(Exercise aim):
Return only the lines below starting at the line containing "Egyd Gstättner liest" and ending at the line containing "Lego batman movie", both included, exactly as they are and with no pictures.

(Data under study):
======
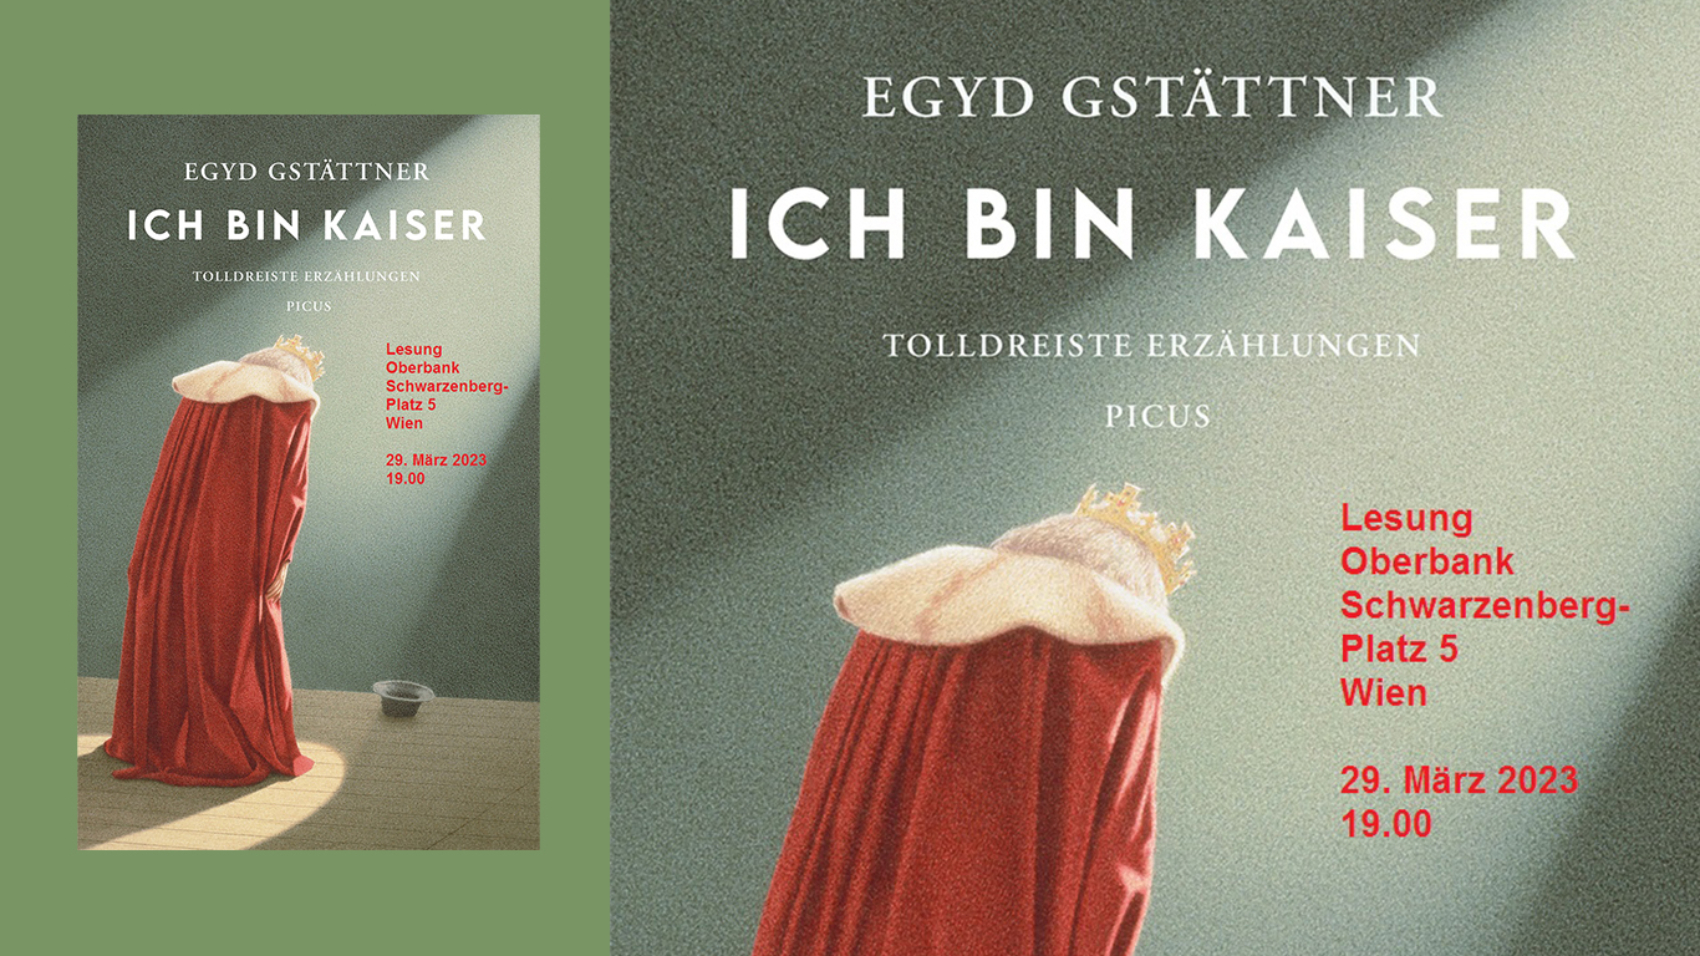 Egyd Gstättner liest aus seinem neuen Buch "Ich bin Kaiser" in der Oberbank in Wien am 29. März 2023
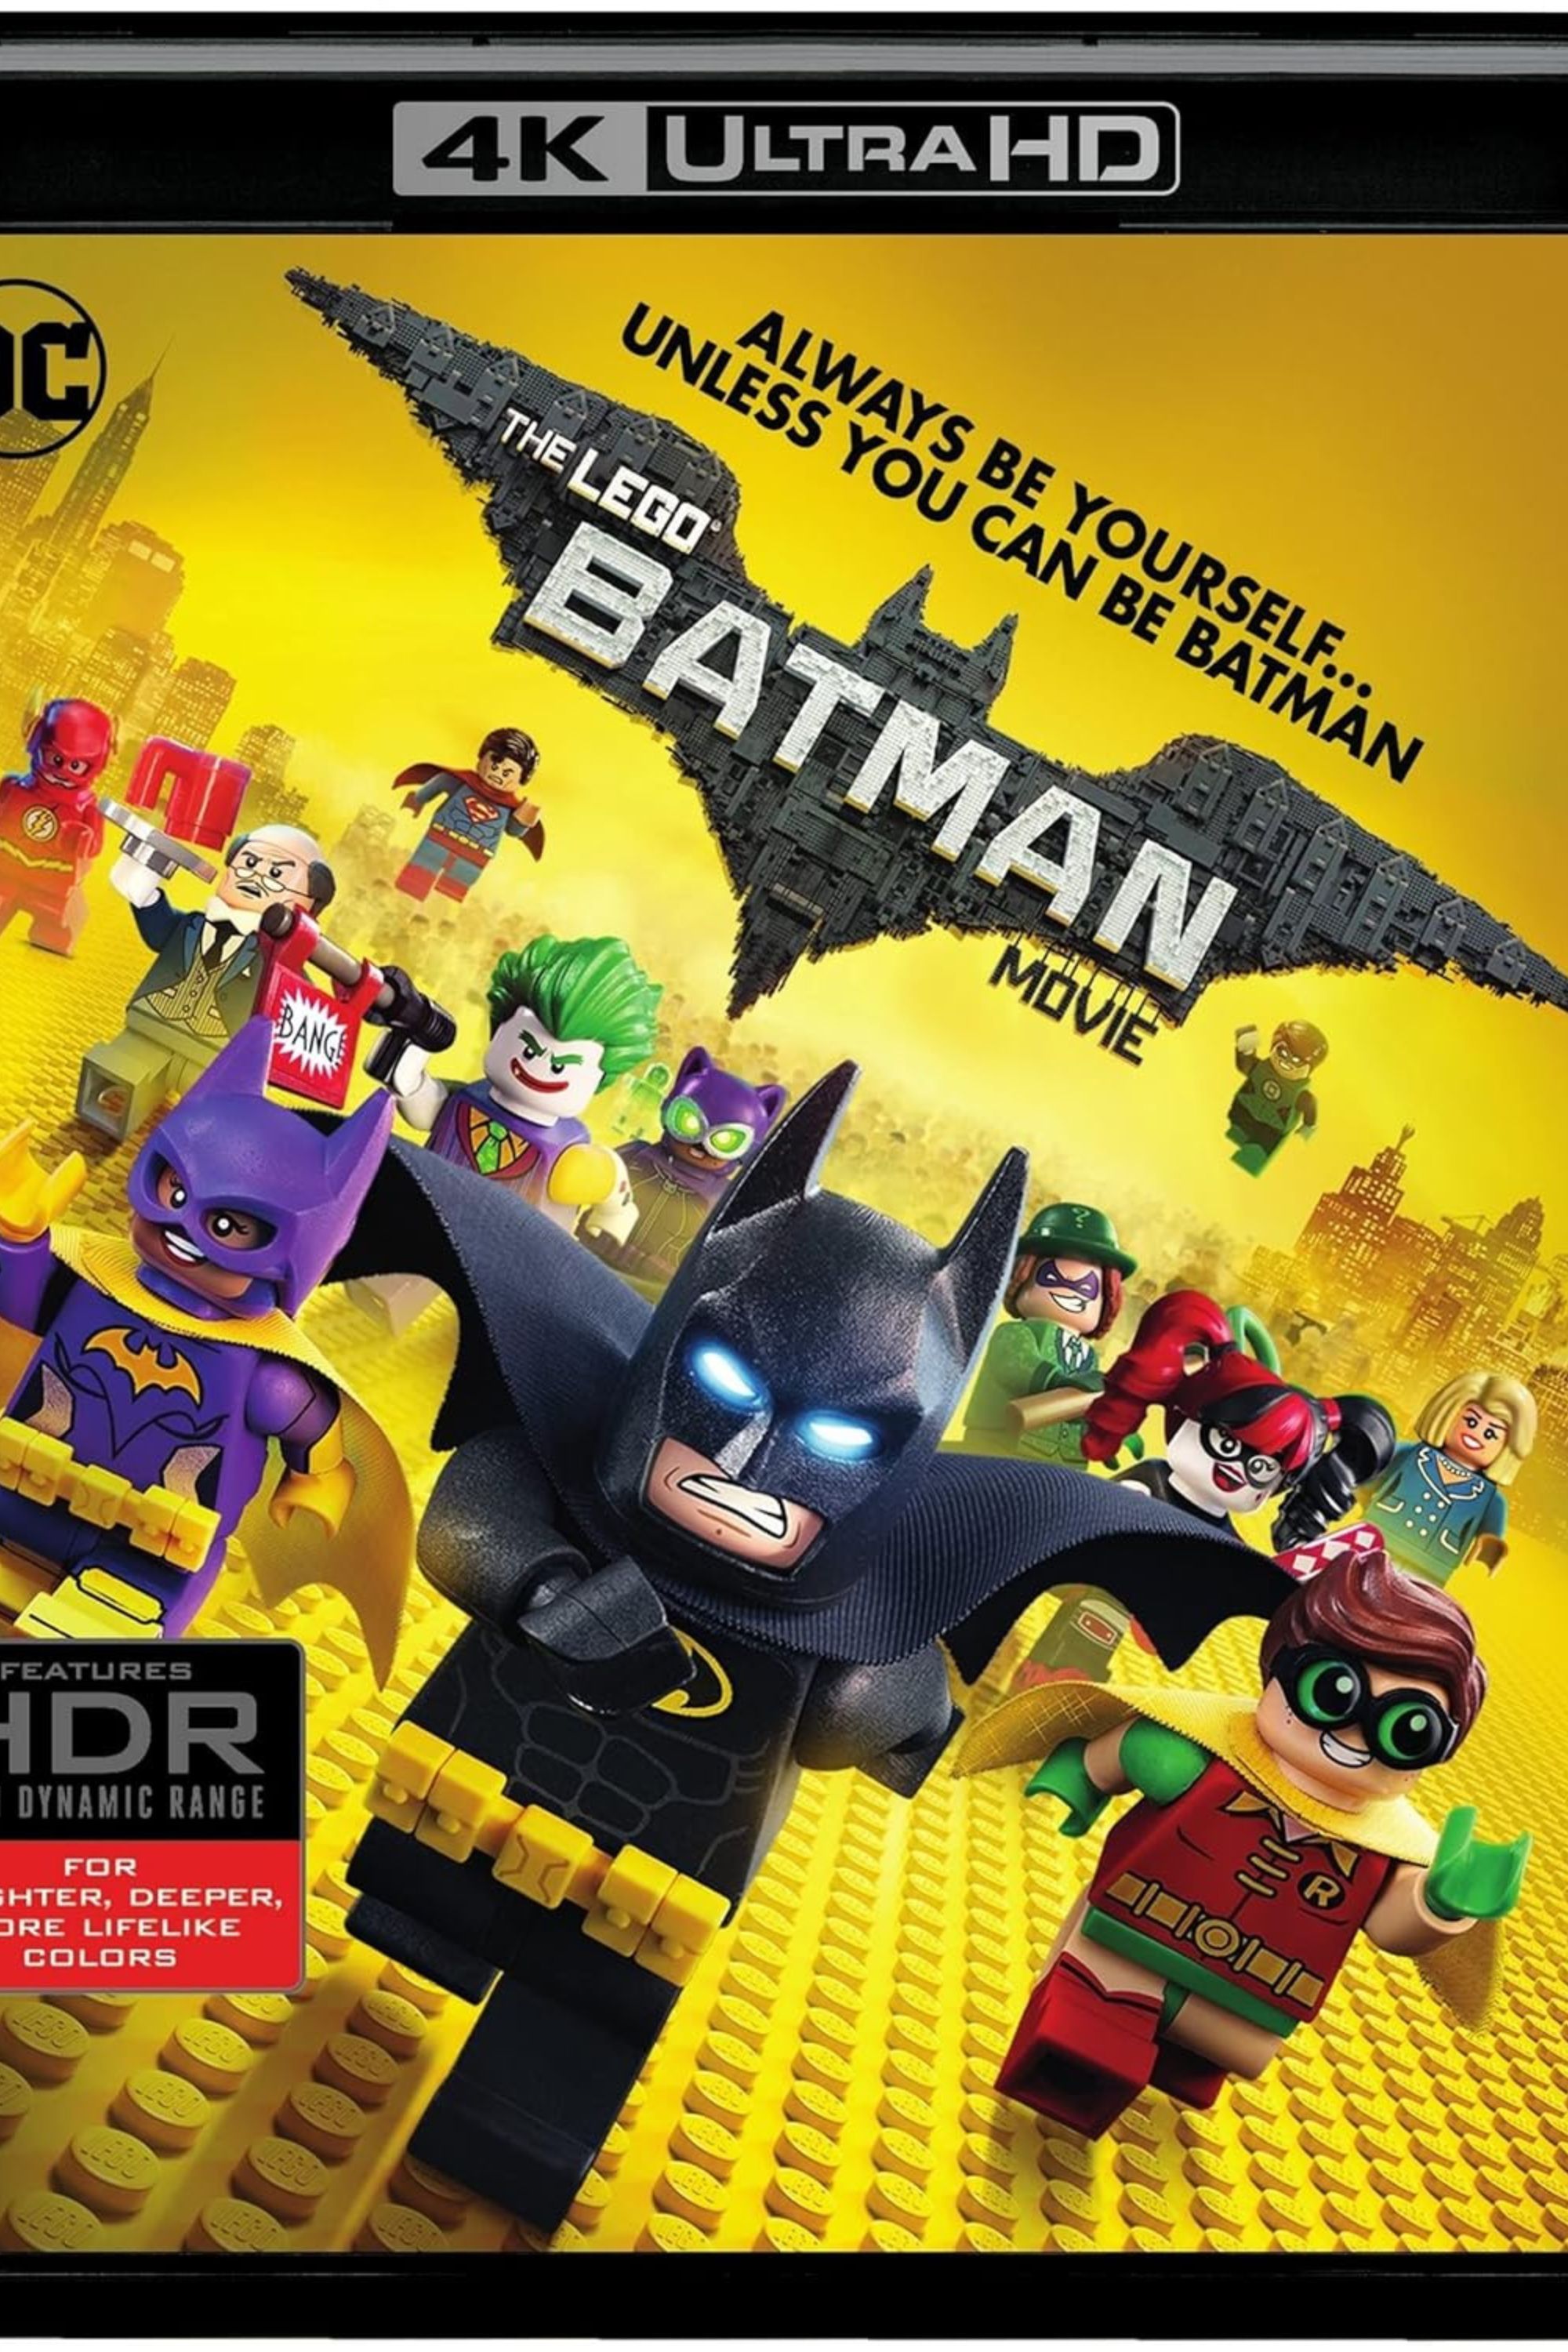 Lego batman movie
======
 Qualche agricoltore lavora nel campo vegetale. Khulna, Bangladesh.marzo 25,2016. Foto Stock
======
(Result):
 Egyd Gstättner liest aus seinem neuen Buch "Ich bin Kaiser" in der Oberbank in Wien am 29. März 2023
 Lego batman movie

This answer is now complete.